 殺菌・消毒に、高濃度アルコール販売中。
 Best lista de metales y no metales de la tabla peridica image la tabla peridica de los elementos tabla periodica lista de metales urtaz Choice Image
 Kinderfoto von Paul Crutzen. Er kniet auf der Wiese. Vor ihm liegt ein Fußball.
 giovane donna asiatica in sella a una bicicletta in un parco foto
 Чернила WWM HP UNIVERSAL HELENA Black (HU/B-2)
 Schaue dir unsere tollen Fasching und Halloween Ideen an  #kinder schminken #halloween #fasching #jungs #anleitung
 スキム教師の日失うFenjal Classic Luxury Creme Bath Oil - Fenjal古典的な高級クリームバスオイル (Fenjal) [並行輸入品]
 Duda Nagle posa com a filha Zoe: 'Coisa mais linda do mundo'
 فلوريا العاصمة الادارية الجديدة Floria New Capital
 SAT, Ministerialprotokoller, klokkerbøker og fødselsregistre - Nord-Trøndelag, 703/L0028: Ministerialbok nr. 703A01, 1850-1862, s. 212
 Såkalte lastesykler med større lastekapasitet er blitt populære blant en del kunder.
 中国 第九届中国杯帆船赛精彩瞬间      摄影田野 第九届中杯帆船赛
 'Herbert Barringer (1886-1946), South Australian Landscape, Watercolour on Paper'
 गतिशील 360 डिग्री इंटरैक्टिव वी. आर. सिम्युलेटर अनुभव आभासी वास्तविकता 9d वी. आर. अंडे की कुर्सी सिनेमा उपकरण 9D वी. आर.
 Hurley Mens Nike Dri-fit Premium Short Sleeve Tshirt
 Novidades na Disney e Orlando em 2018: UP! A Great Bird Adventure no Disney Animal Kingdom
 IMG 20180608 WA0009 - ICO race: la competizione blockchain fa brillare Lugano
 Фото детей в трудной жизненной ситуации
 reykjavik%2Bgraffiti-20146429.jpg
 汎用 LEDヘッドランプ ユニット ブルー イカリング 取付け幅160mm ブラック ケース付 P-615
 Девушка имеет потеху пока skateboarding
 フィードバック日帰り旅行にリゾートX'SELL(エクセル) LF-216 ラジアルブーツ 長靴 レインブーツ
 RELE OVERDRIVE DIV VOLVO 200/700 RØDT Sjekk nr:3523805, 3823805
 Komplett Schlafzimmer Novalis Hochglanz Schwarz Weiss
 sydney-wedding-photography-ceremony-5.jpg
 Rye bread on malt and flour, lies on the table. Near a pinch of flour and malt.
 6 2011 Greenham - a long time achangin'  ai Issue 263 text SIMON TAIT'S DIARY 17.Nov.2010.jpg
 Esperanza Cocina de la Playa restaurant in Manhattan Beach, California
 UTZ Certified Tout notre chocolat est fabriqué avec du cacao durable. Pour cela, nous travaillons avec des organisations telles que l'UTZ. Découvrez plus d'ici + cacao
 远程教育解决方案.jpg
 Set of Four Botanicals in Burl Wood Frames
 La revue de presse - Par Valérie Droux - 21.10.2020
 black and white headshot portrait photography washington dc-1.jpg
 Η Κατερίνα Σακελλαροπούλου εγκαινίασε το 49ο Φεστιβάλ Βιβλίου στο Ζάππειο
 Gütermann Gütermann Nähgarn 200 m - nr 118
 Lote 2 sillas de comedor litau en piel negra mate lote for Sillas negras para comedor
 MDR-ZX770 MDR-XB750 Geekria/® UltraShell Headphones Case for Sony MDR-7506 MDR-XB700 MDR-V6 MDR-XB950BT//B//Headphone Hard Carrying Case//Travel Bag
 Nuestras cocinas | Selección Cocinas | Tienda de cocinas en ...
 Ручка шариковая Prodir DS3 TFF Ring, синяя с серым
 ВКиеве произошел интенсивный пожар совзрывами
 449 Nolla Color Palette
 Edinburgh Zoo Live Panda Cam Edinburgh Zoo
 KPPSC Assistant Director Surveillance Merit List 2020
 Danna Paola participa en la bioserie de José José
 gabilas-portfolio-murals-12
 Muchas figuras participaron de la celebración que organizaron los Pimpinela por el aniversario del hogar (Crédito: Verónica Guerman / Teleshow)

* [What the exercise asks] Repeat the entries. Keep each one exactly as written.

* [Your solution]
 殺菌・消毒に、高濃度アルコール販売中。
 Best lista de metales y no metales de la tabla peridica image la tabla peridica de los elementos tabla periodica lista de metales urtaz Choice Image
 Kinderfoto von Paul Crutzen. Er kniet auf der Wiese. Vor ihm liegt ein Fußball.
 giovane donna asiatica in sella a una bicicletta in un parco foto
 Чернила WWM HP UNIVERSAL HELENA Black (HU/B-2)
 Schaue dir unsere tollen Fasching und Halloween Ideen an  #kinder schminken #halloween #fasching #jungs #anleitung
 スキム教師の日失うFenjal Classic Luxury Creme Bath Oil - Fenjal古典的な高級クリームバスオイル (Fenjal) [並行輸入品]
 Duda Nagle posa com a filha Zoe: 'Coisa mais linda do mundo'
 فلوريا العاصمة الادارية الجديدة Floria New Capital
 SAT, Ministerialprotokoller, klokkerbøker og fødselsregistre - Nord-Trøndelag, 703/L0028: Ministerialbok nr. 703A01, 1850-1862, s. 212
 Såkalte lastesykler med større lastekapasitet er blitt populære blant en del kunder.
 中国 第九届中国杯帆船赛精彩瞬间      摄影田野 第九届中杯帆船赛
 'Herbert Barringer (1886-1946), South Australian Landscape, Watercolour on Paper'
 गतिशील 360 डिग्री इंटरैक्टिव वी. आर. सिम्युलेटर अनुभव आभासी वास्तविकता 9d वी. आर. अंडे की कुर्सी सिनेमा उपकरण 9D वी. आर.
 Hurley Mens Nike Dri-fit Premium Short Sleeve Tshirt
 Novidades na Disney e Orlando em 2018: UP! A Great Bird Adventure no Disney Animal Kingdom
 IMG 20180608 WA0009 - ICO race: la competizione blockchain fa brillare Lugano
 Фото детей в трудной жизненной ситуации
 reykjavik%2Bgraffiti-20146429.jpg
 汎用 LEDヘッドランプ ユニット ブルー イカリング 取付け幅160mm ブラック ケース付 P-615
 Девушка имеет потеху пока skateboarding
 フィードバック日帰り旅行にリゾートX'SELL(エクセル) LF-216 ラジアルブーツ 長靴 レインブーツ
 RELE OVERDRIVE DIV VOLVO 200/700 RØDT Sjekk nr:3523805, 3823805
 Komplett Schlafzimmer Novalis Hochglanz Schwarz Weiss
 sydney-wedding-photography-ceremony-5.jpg
 Rye bread on malt and flour, lies on the table. Near a pinch of flour and malt.
 6 2011 Greenham - a long time achangin'  ai Issue 263 text SIMON TAIT'S DIARY 17.Nov.2010.jpg
 Esperanza Cocina de la Playa restaurant in Manhattan Beach, California
 UTZ Certified Tout notre chocolat est fabriqué avec du cacao durable. Pour cela, nous travaillons avec des organisations telles que l'UTZ. Découvrez plus d'ici + cacao
 远程教育解决方案.jpg
 Set of Four Botanicals in Burl Wood Frames
 La revue de presse - Par Valérie Droux - 21.10.2020
 black and white headshot portrait photography washington dc-1.jpg
 Η Κατερίνα Σακελλαροπούλου εγκαινίασε το 49ο Φεστιβάλ Βιβλίου στο Ζάππειο
 Gütermann Gütermann Nähgarn 200 m - nr 118
 Lote 2 sillas de comedor litau en piel negra mate lote for Sillas negras para comedor
 MDR-ZX770 MDR-XB750 Geekria/® UltraShell Headphones Case for Sony MDR-7506 MDR-XB700 MDR-V6 MDR-XB950BT//B//Headphone Hard Carrying Case//Travel Bag
 Nuestras cocinas | Selección Cocinas | Tienda de cocinas en ...
 Ручка шариковая Prodir DS3 TFF Ring, синяя с серым
 ВКиеве произошел интенсивный пожар совзрывами
 449 Nolla Color Palette
 Edinburgh Zoo Live Panda Cam Edinburgh Zoo
 KPPSC Assistant Director Surveillance Merit List 2020
 Danna Paola participa en la bioserie de José José
 gabilas-portfolio-murals-12
 Muchas figuras participaron de la celebración que organizaron los Pimpinela por el aniversario del hogar (Crédito: Verónica Guerman / Teleshow)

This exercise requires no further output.